Join Variants

Self-join, anti-join, semi-join, lateral join, theta-join. Beyond the standard four kinds of join.

Pattern Intermediate
8 min read
sql sql-pattern joins lateral anti-join semi-join

What it is#

Past the standard four joins (INNER, LEFT OUTER, RIGHT OUTER, FULL OUTER), there’s a second tier of join shapes that map to specific question types: self-join, anti-join, semi-join, lateral join, theta-join. Some have dedicated syntax; most are expressed as combinations of standard joins with predicates.

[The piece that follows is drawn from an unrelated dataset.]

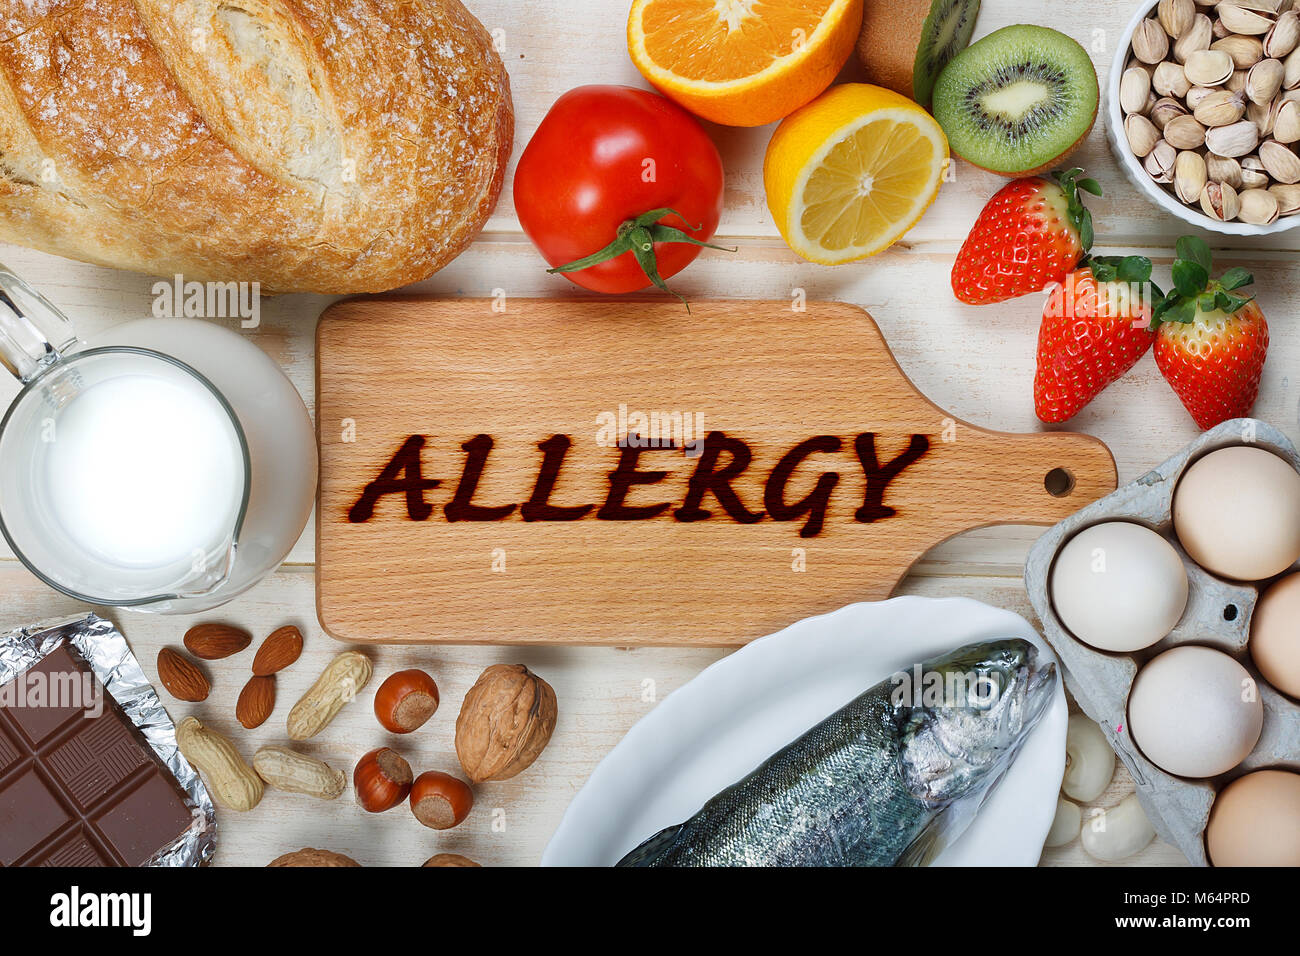 Allergy food concept. Food on wooden table Stock Photo

-- Self-join: employees with their managers
SELECT e.name AS employee, m.name AS manager
FROM employees e
LEFT JOIN employees m ON m.id = e.manager_id;
-- Anti-join: users with no orders
SELECT u.id, u.email
FROM users u
LEFT JOIN orders o ON o.user_id = u.id
WHERE o.user_id IS NULL;
-- Semi-join: users who have at least one order
SELECT u.id, u.email
FROM users u
WHERE EXISTS (SELECT 1 FROM orders o WHERE o.user_id = u.id);
-- Lateral join: three most recent orders per user
SELECT u.id, recent.order_id, recent.created_at
FROM users u,
LATERAL (
SELECT order_id, created_at
FROM orders o
WHERE o.user_id = u.id
ORDER BY created_at DESC
LIMIT 3
) recent;
-- Theta-join: pairs of overlapping reservations
SELECT a.id, b.id
FROM reservations a
JOIN reservations b
ON a.id < b.id
AND a.room_id = b.room_id
AND a.starts_at < b.ends_at
AND b.starts_at < a.ends_at;

These shapes show up in every SQL interview and most real production queries. Recognising which one fits the question is half the work.

When to use it#

  • Self-join. Same table joined to itself with different aliases — hierarchies (manager-employee), pairwise comparisons (find duplicates), graph edges, time-windowed comparisons.
  • Anti-join. “Rows in A with no match in B” — users without orders, products without reviews, sessions without conversions.
  • Semi-join. “Rows in A with at least one match in B” — users who have ordered, files that have been downloaded. Distinct from INNER JOIN because it returns one row per A regardless of how many matches in B.
  • Lateral join. Per-row subqueries — top-N-per-group, expanding JSON arrays, calling table-valued functions per outer row.
  • Theta-join. Non-equality predicates — overlapping intervals, range matches (price between min and max), nearest-neighbour pairs.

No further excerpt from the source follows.